_Work order:_ An exact transcription of each entry below is required, without any pictures.

_Information:_
Content starts
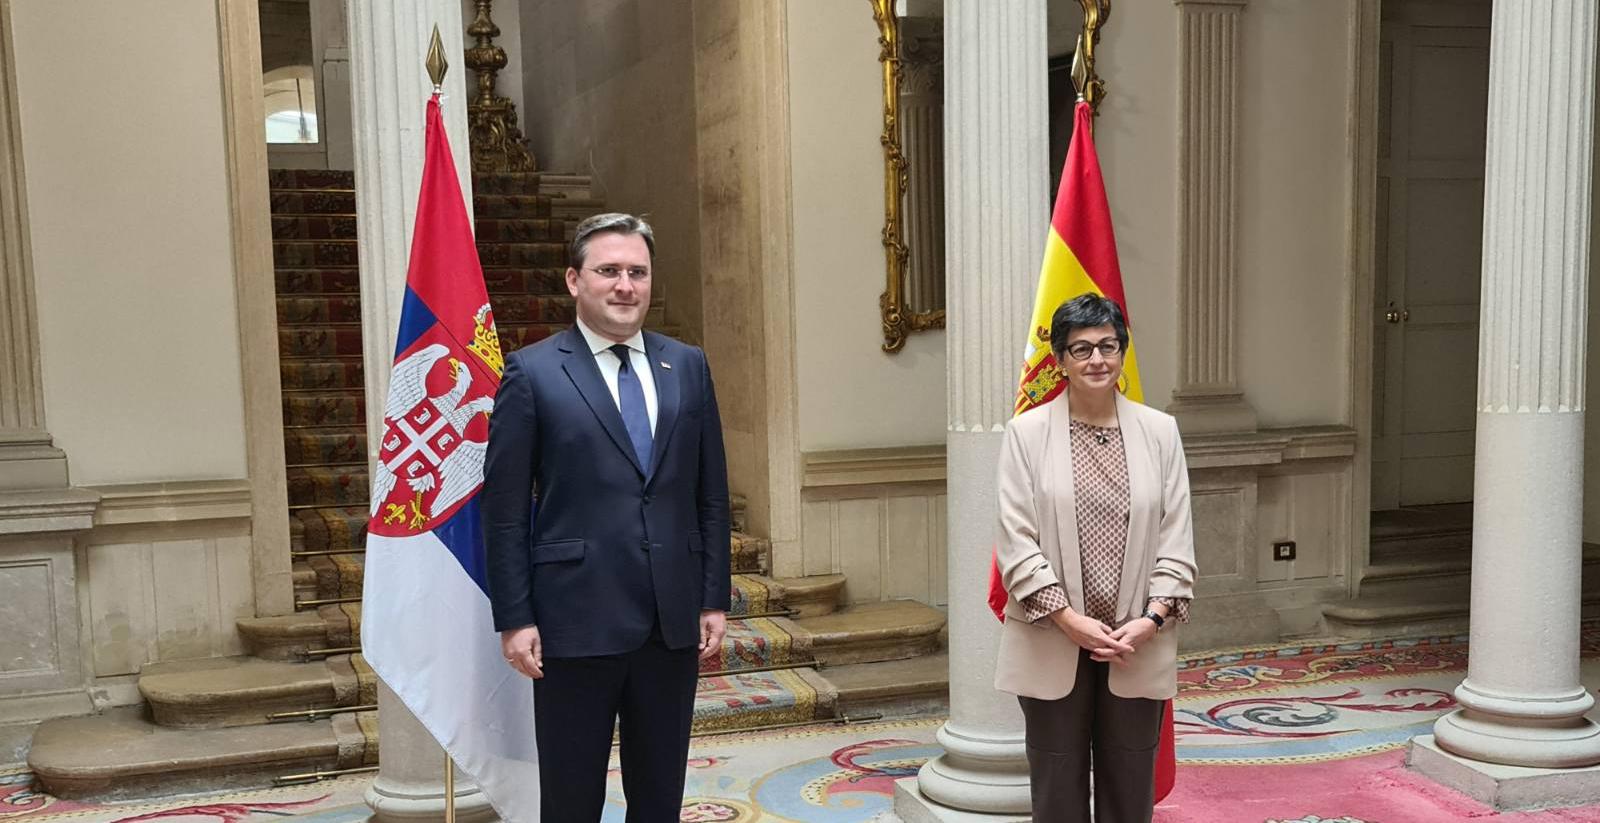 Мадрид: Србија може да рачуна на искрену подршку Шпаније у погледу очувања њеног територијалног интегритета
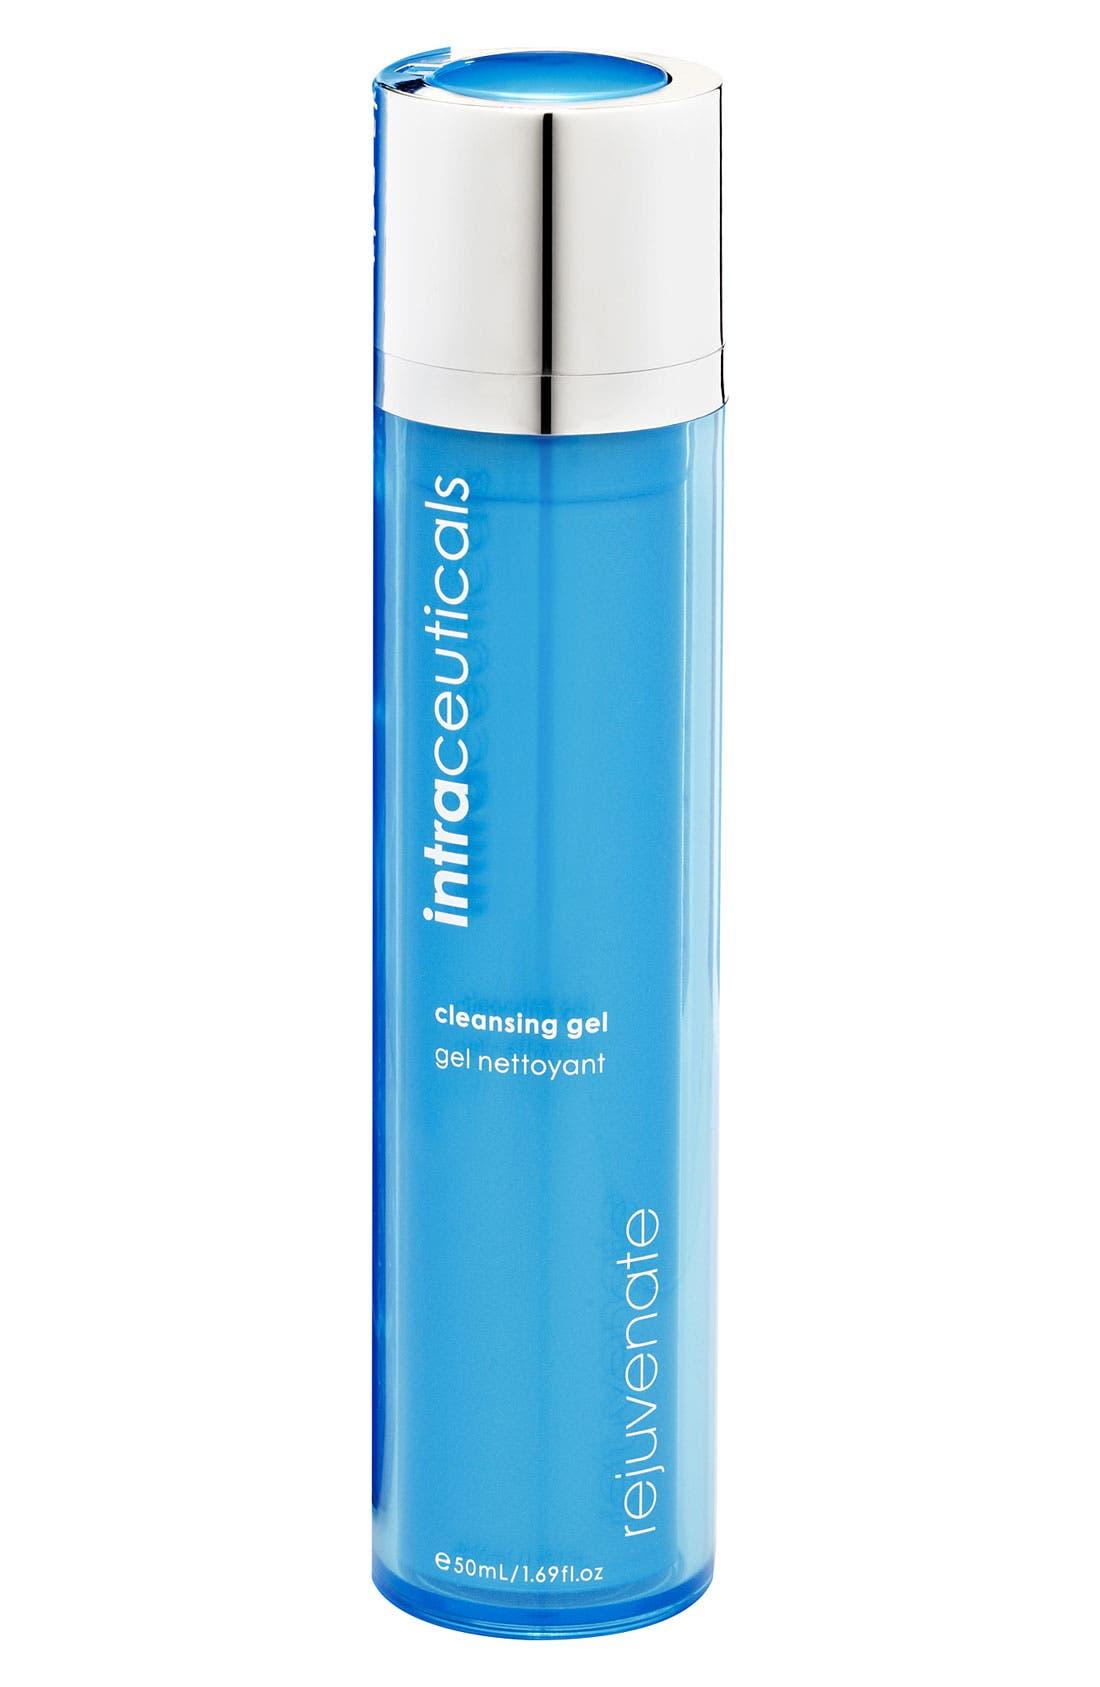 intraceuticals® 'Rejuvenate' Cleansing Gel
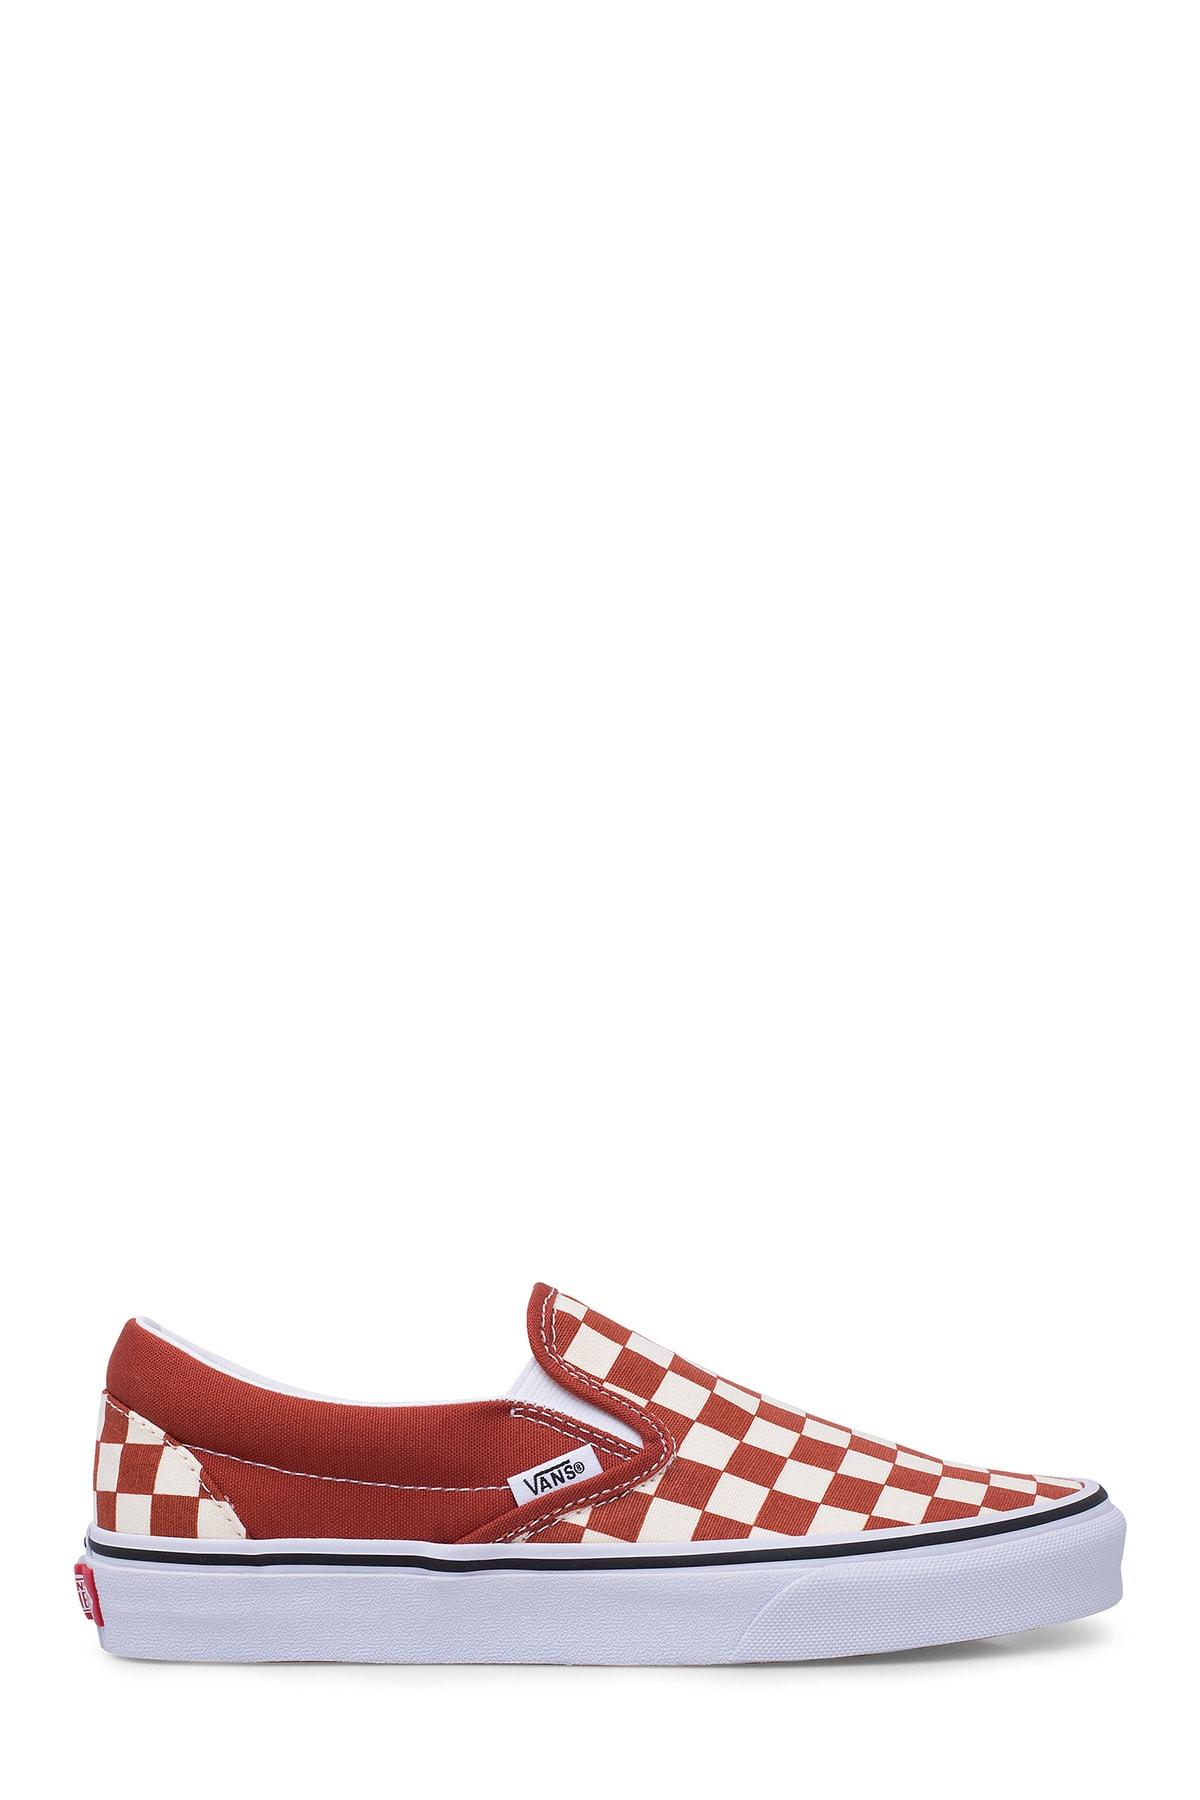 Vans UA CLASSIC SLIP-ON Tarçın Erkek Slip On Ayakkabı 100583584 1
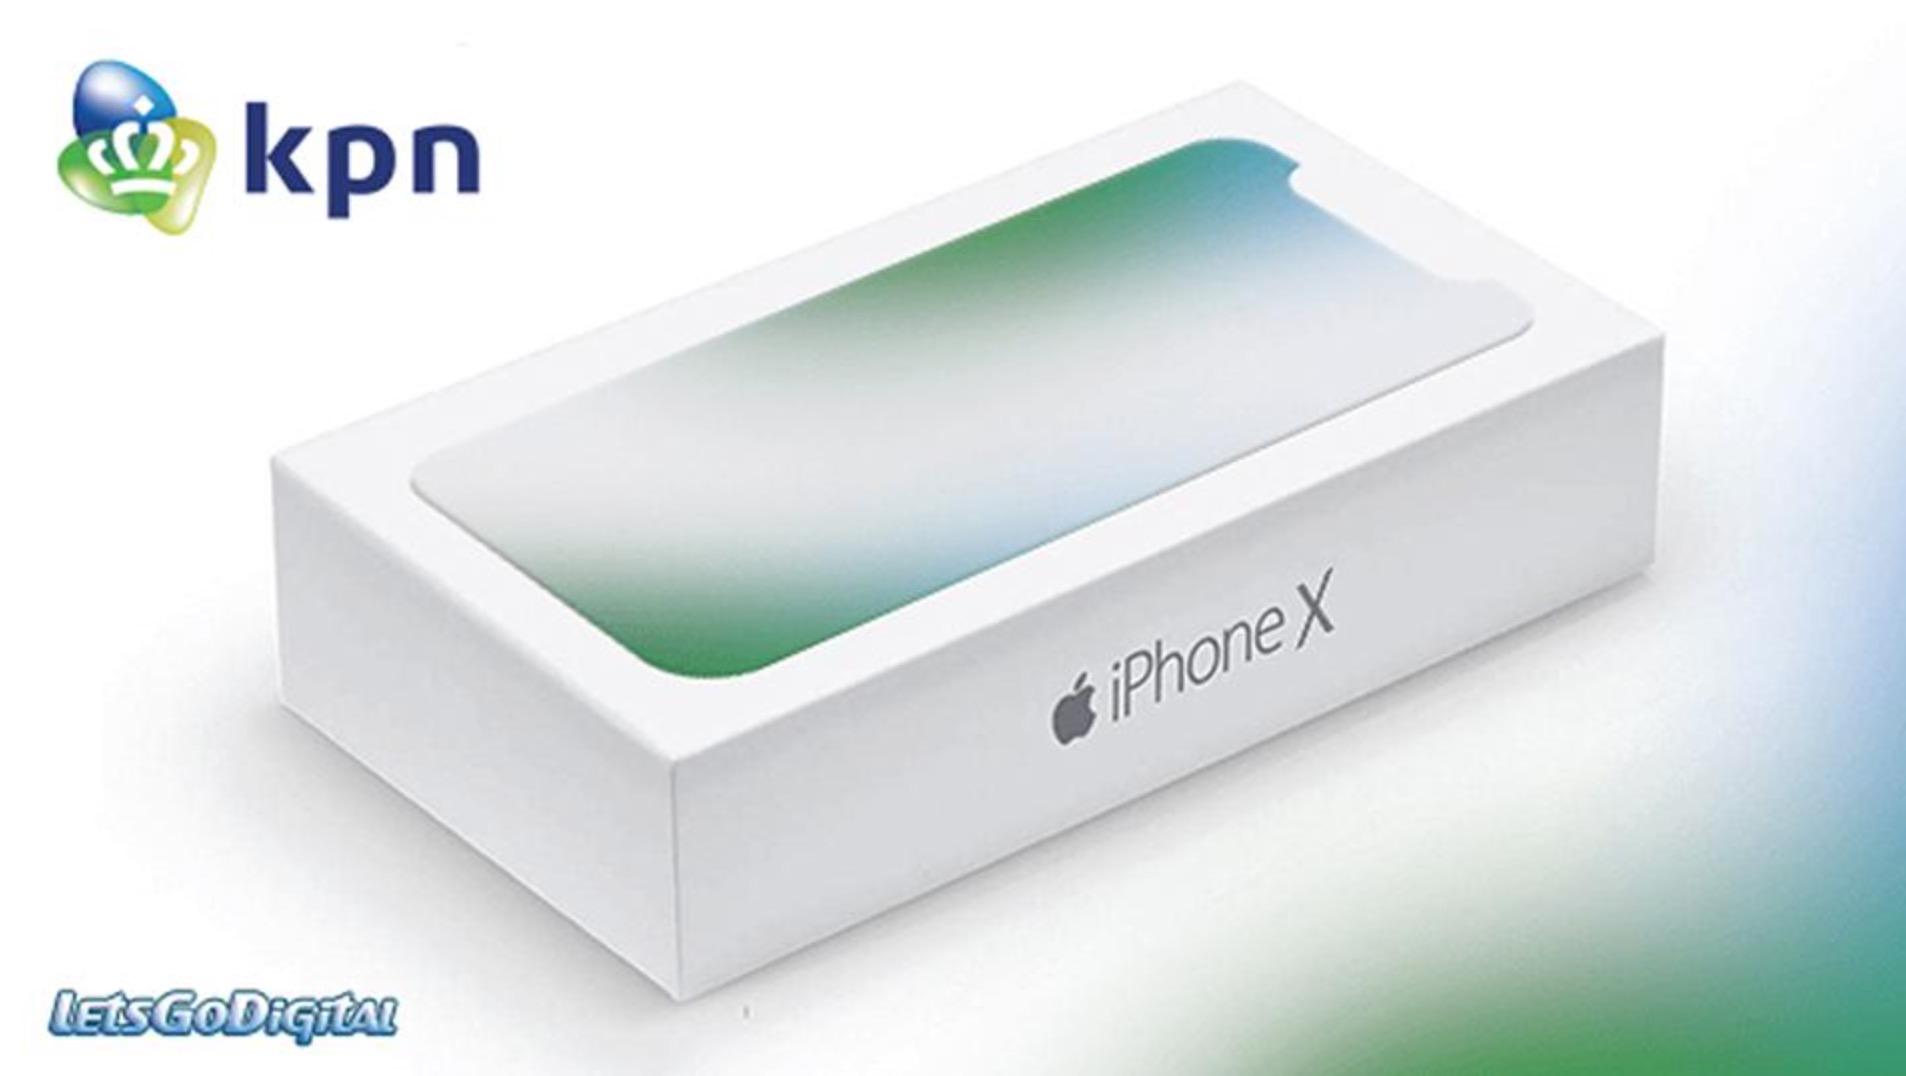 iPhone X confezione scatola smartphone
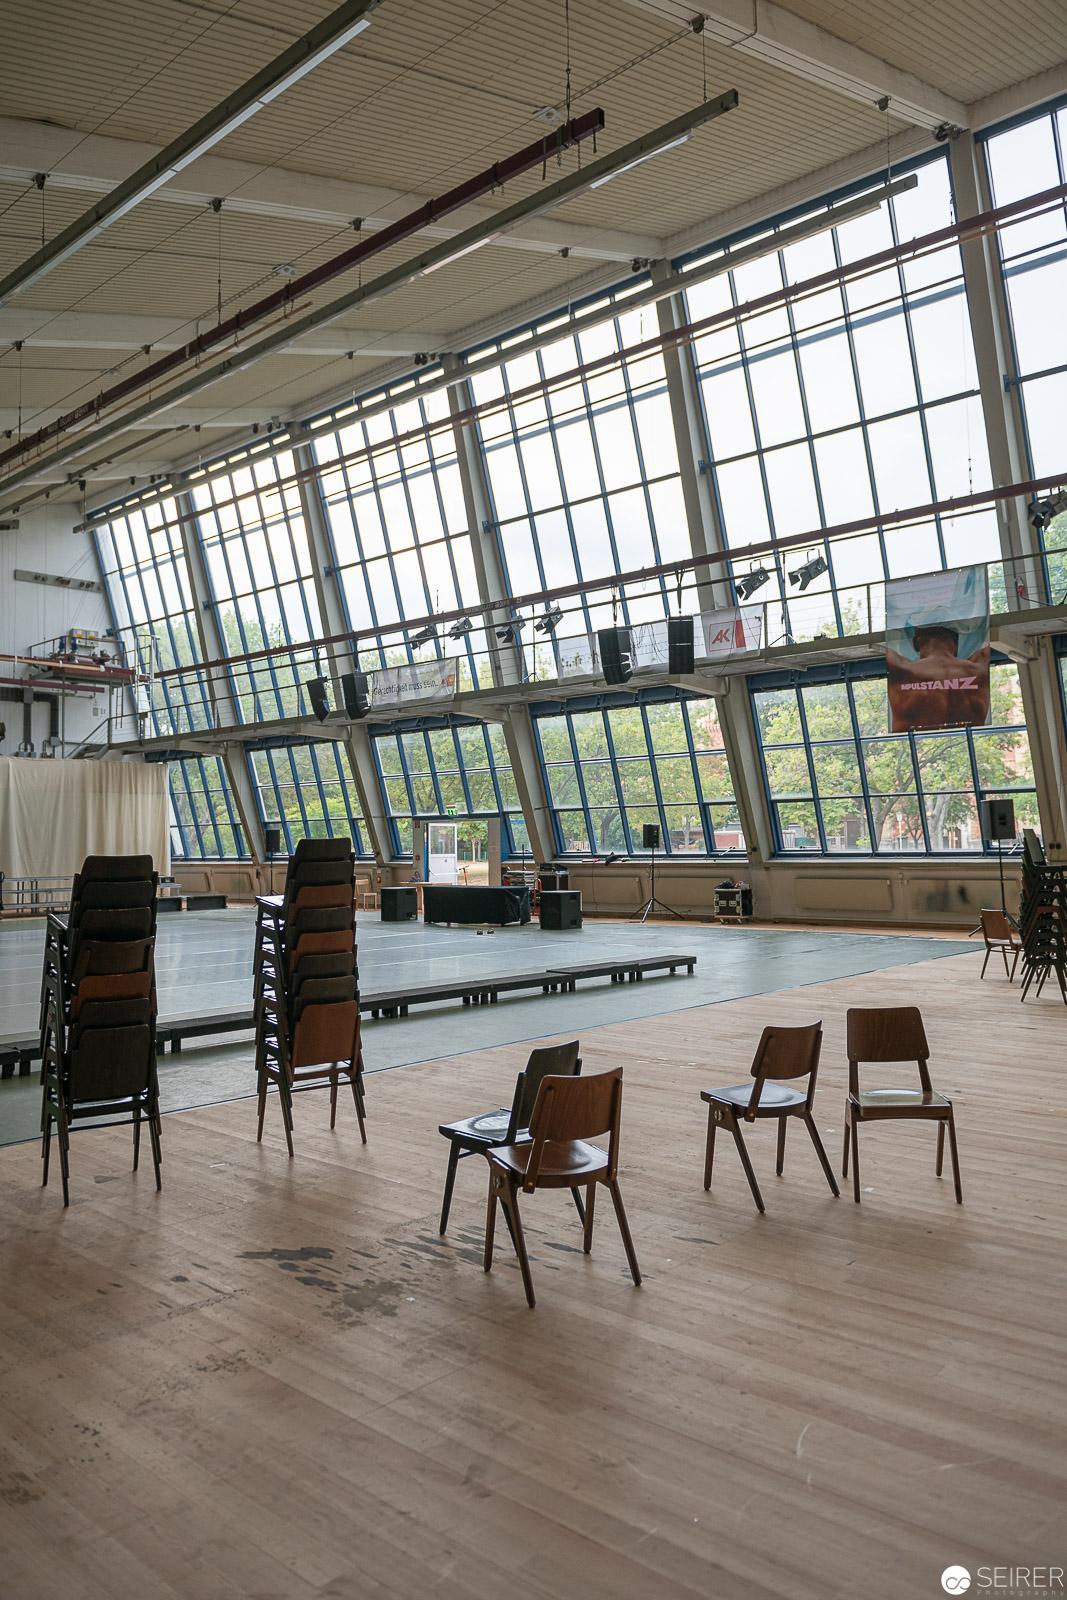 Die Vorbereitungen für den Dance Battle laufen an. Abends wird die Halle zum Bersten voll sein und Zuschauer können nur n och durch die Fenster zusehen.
Content ends
_Answer area:_
 Мадрид: Србија може да рачуна на искрену подршку Шпаније у погледу очувања њеног територијалног интегритета
 intraceuticals® 'Rejuvenate' Cleansing Gel
 Vans UA CLASSIC SLIP-ON Tarçın Erkek Slip On Ayakkabı 100583584 1
 iPhone X confezione scatola smartphone
 Die Vorbereitungen für den Dance Battle laufen an. Abends wird die Halle zum Bersten voll sein und Zuschauer können nur n och durch die Fenster zusehen.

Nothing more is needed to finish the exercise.